#415 - robots.txt editor (formerly: "Allow exclusion of contents from sitemap for all content types")
| Identifier | #415 |
|---|---|
| Issue type | Feature request or suggestion |
| Title | robots.txt editor (formerly: "Allow exclusion of contents from sitemap for all content types") |
| Status | Closed (rejected) |
| Tags |
Type: SEO (custom) |
| Handling member | Chris Graham |
| Addon | core |
| Description | Currently, the sitemap generated by Composr includes all content with Guest view access. There are situation where you want the content available for guests on the site but that you do not want that content indexed by the search engines. The only solution to this currently is to place a restriction in the robots.txt file which works but which also causes and inconsistently: Google warns that items in the sitemap are excluded by entries in robots.txt. For Bing, I suspect that this would result in "errors" which, if over a certain percent of your sitemap entries, has them reject your sitemap.
I think the better approach towards addressing this is to allow the admin to mark content as included/excluded when it is created and that the sitemap generation script would respect the exclude in addition to any current logic. This would provide the means to have a "custom" sitemap automatically generated by Composr. This should work for all content types and include category and individual entry exclusions. |
| Steps to reproduce | |
| Funded? | No |
The system will post a comment when this issue is modified (e.g., status changes). To be notified of this, click "Enable comment notifications".
Comments
Having an editor for robots.txt inside Composr would not hurt.
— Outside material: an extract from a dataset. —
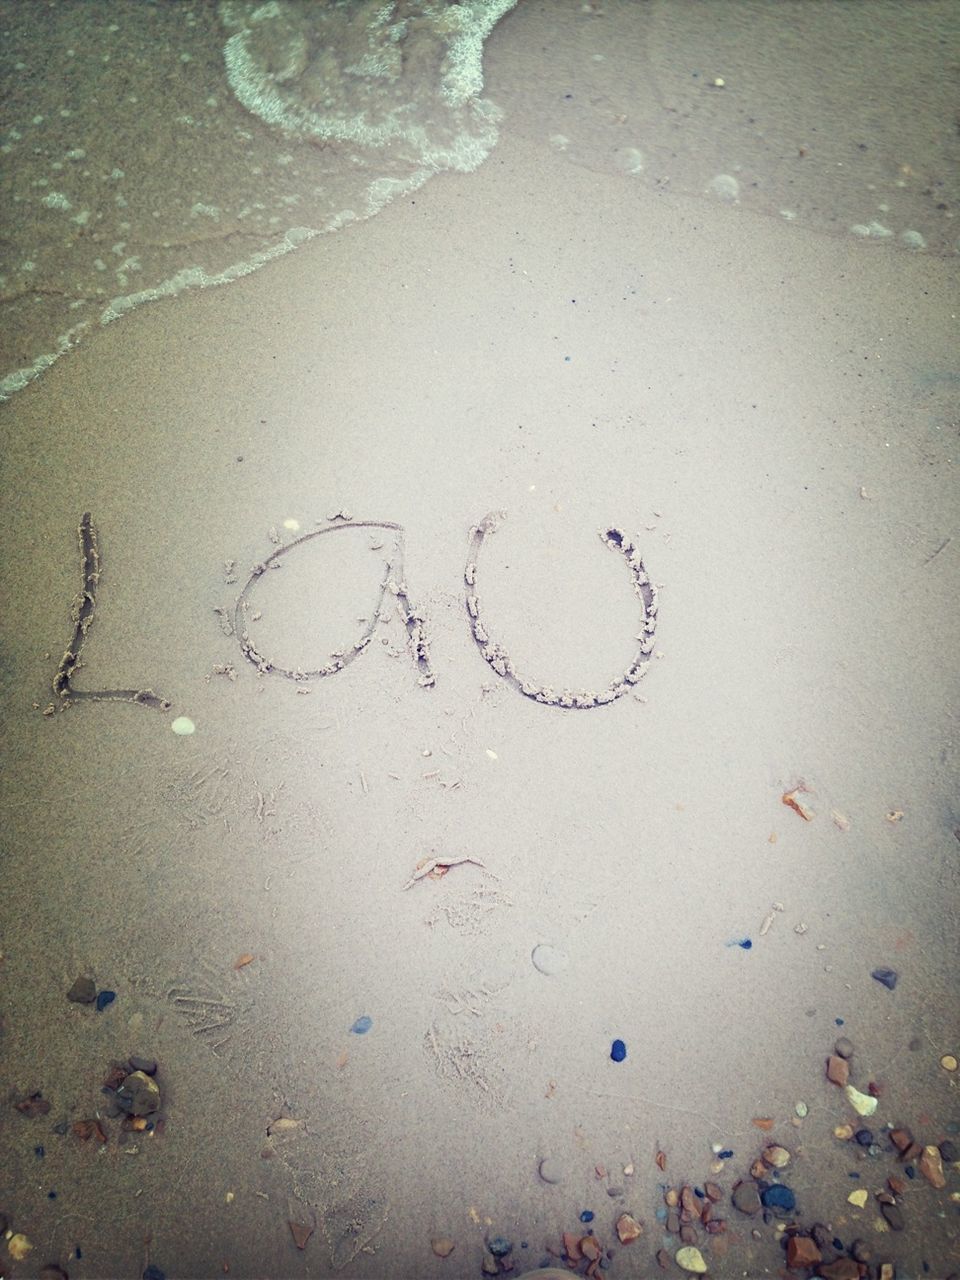 text, water, sand, beach, western script, high angle view, communication, shore, footprint, wet, heart shape, love, close-up, day, outdoors, creativity, no people, capital letter, ideas, nature

A simple robots.txt editor is now implemented for v11, which will make editing robots.txt a little easier.
I thought about what was written here about keeping robots.txt and the XML Sitemap in sync, or about having content options to exclude it via robots.txt and the XML Sitemap. The problem with it is that it assumes a binary - that the content is either not to be crawled by anything, or it is. robots.txt allows specifying which crawlers have access to content, and the XML Sitemap is not specifically for crawlers (it could be used by an HTML Validation tool for example). So it doesn't line up very well with the necessary flexibility of these formats.
Because the implementation is problematic, I think just putting robots.txt in the hands of the user, but helping them to edit it, is the correct approach. Easier for us to do too.